По возвращении в Париж Шагал с семейством первые шесть месяцев проживал в «Отель Медикаль» — захудалом пансионе на улице Фобур-Сен-Жак, где в то время обрели временное пристанище и некоторые другие приехавшие из-за рубежа художники. Почти сразу по приезде Шагал бросился в свою прежнюю мастерскую в «Улье» — там оставались на хранении около 150 его работ, которых он не видел уже десять лет. Однако за дверью студии художника встретили не радужные пейзажи и кувыркающиеся фигуры, населявшие его картины, а незнакомый морщинистый пенсионер. Шагал не знал, что во время войны французское правительство реквизировало мастерские в «Улье» и передало их нуждающимся гражданам. Но что еще хуже — картины исчезли, все до единой.

Надо отдать должное выдержке Шагала: город за городом приносил ему утраты, но он не впал в отчаяние, ничто не могло сломить его творческий дух. Однако потрясение от увиденного в пустой мастерской оставило свой след. После пропажи — в Москве, в Берлине, в Париже — картин, среди которых были, вероятно, самые значимые и прекрасные, такие, как «Я и деревня», Шагал долгие годы мучительно пытался воссоздать утраченные творения — по фотографиям, журнальным репродукциям и просто по памяти. Если ему удавалось найти человека, к которому попала его картина, он просил одолжить ее на некоторое время, чтобы снять копию. Естественно, коллекционеры неохотно откликались на подобные просьбы, ведь это грозило обесценить их приобретение. Насколько пагубными для его творчества были изнурительные и долгие попытки «собирания себя» — об этом критики будут спорить годами. Разумеется, с психологической точки зрения такое поведение поражает. В отличие от писателей или композиторов, чьи слова или ноты можно воспроизводить до бесконечности без малейшего ущерба для оригинала, творения живописцев уникальны. Этим и объясняется коммерческая ценность живописи. Такая уж у художника судьба: когда на горизонте появляется богатый покровитель, чаще всего приходится сказать «прощай» своим уникальным творениям. И все же выбор есть: картину можно забрать с рынка из личных или финансовых соображений. Исчезновение или кража картин — дело другое: Шагал не мог ничего «забрать», а отслеживать путь «блуждающих» полотен было непросто. И он принялся за работу (к большому огорчению своих арт-дилеров), снова, уже для себя лично, взявшись за дело, которому уже однажды посвятил все силы и время: он должен был вспомнить и сохранить мир Витебска и соседних еврейских местечек — запечатлеть утраченные мечты.

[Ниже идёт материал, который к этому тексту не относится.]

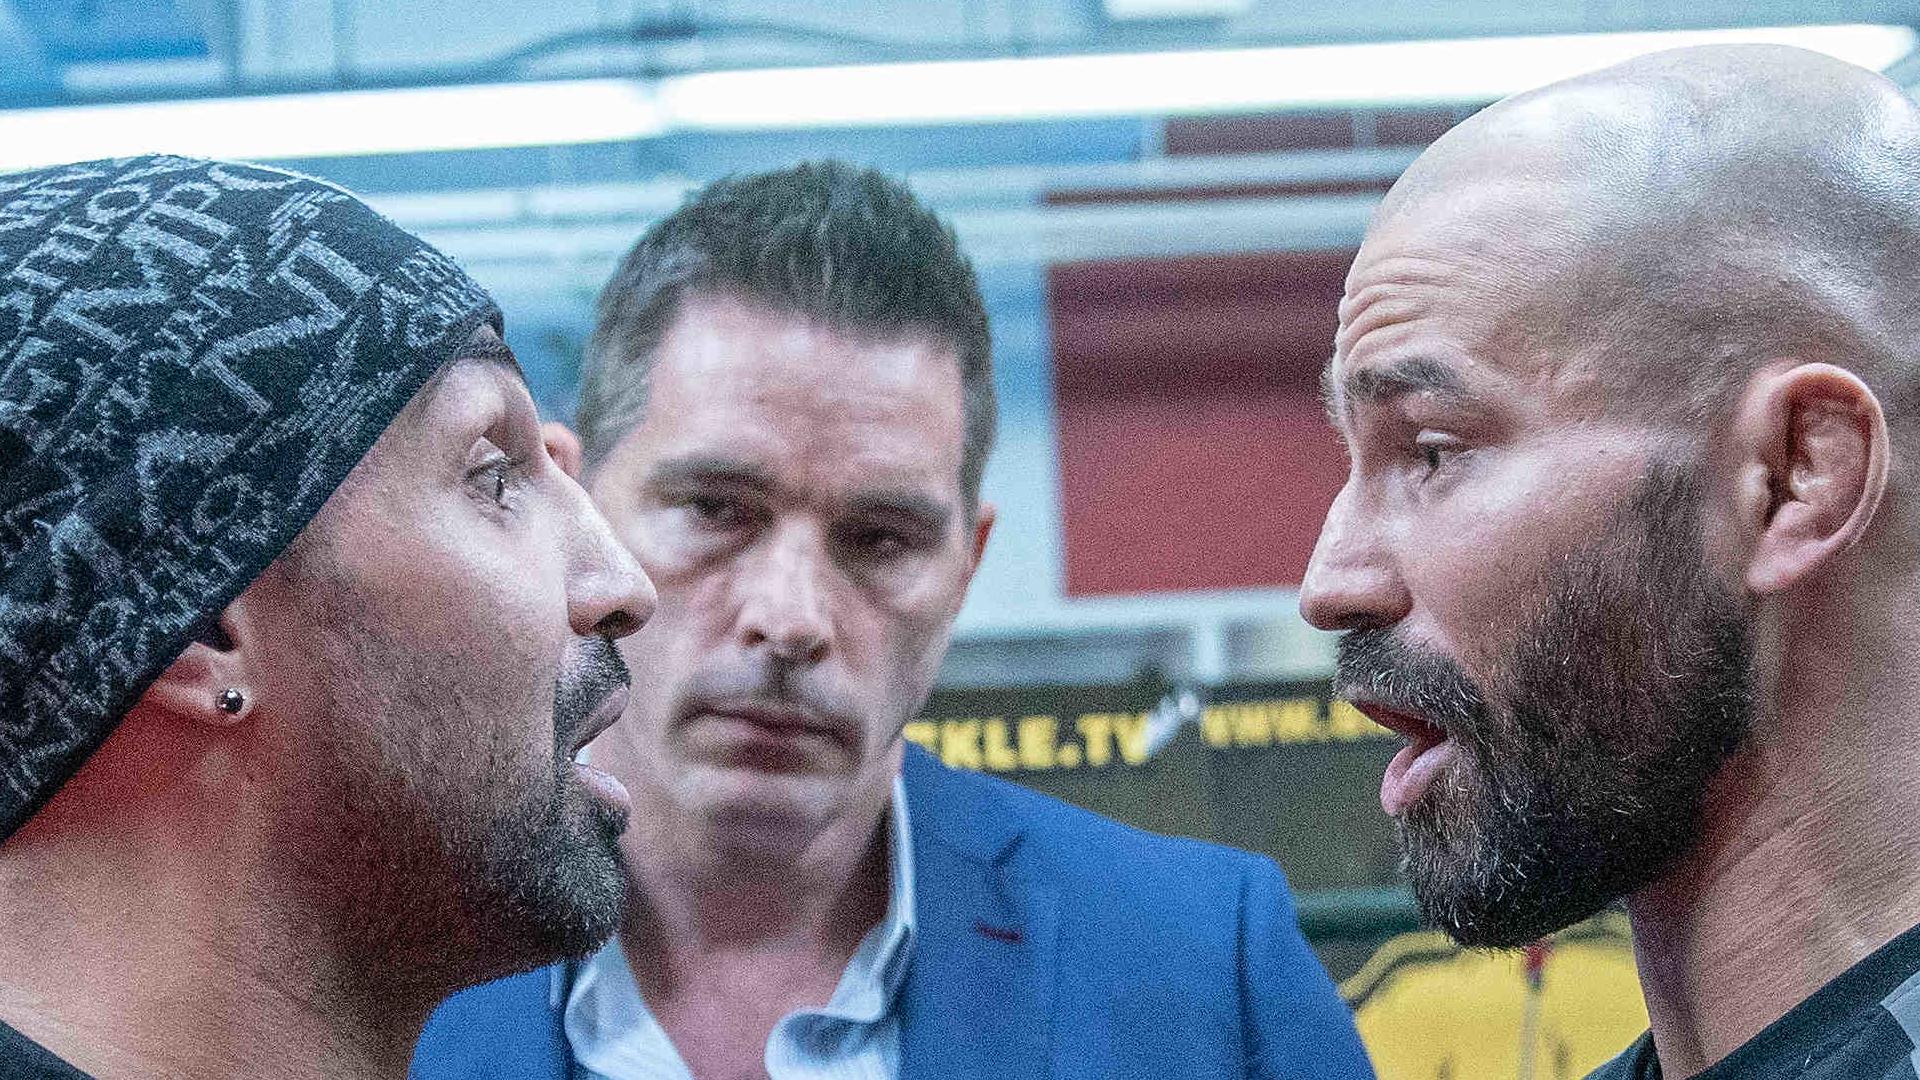 Bare Knuckle Fighting Championship 6: Malignaggi vs. Lobov fight date, time, PPV price, live stream, full card

Но куда же делись 150 картин? Шагал был уверен, что к безответственной раздаче его работ как-то причастен Блез Сандрар. Действительно, в отсутствие Шагала Сандрар заверил подлинность ряда холстов, приобретенных критиком и коллекционером Гюставом Кокийо, который, скорее всего, считал, что Шагала уже нет в живых, однако правда оказалась куда печальнее: после национализации «Улья» владелец здания Альфред Буше собрал все бесхозные картины (не только шагаловские) и сложил их в каком-то сарае, откуда любой мог забрать приглянувшуюся. В результате такого разбазаривания несколько полотен Шагала обрели вторую жизнь в каморке консьержа — он прикрывал ими кроличью клетку.

В общем, и, вероятно, неизбежно, «копиям» Шагала, которые он сам для большей важности называл вариантами и упорно множил не один десяток лет, не хватает непосредственности и разительной живости, динамизма оригиналов. Например, во второй версии «Торговца скотом» (1912 и 1923–1926) заметен отказ от кубистских провокаций в пользу декоративности. А когда в 1937 году Шагал в технике акватинты воспроизвел свою поразительную картину «Автопортрет с музой (Сон)» (1924–1925), яркая, даже чрезмерная чувственность, буквально пронизывающая оригинал, в новой версии уже не заметна, а новые варианты «Крестьянской жизни» (1925) и «Я и деревня» сглажены и тяготеют к иллюстративности. Лишенное экспрессии, похожее на маску зеленое лицо, занимавшее правую часть картины «Я и деревня», превратилось в счастливого крестьянина в нижнем правом углу — что-то вроде сельского дурачка. Вместо загадочной коровы, несущей свои коровьи мечты, в варианте мы видим довольную, что-то жующую лошадь. Во всех этих случаях эффект — успокаивающий, а не будоражащий: умиротворение вместо скандала.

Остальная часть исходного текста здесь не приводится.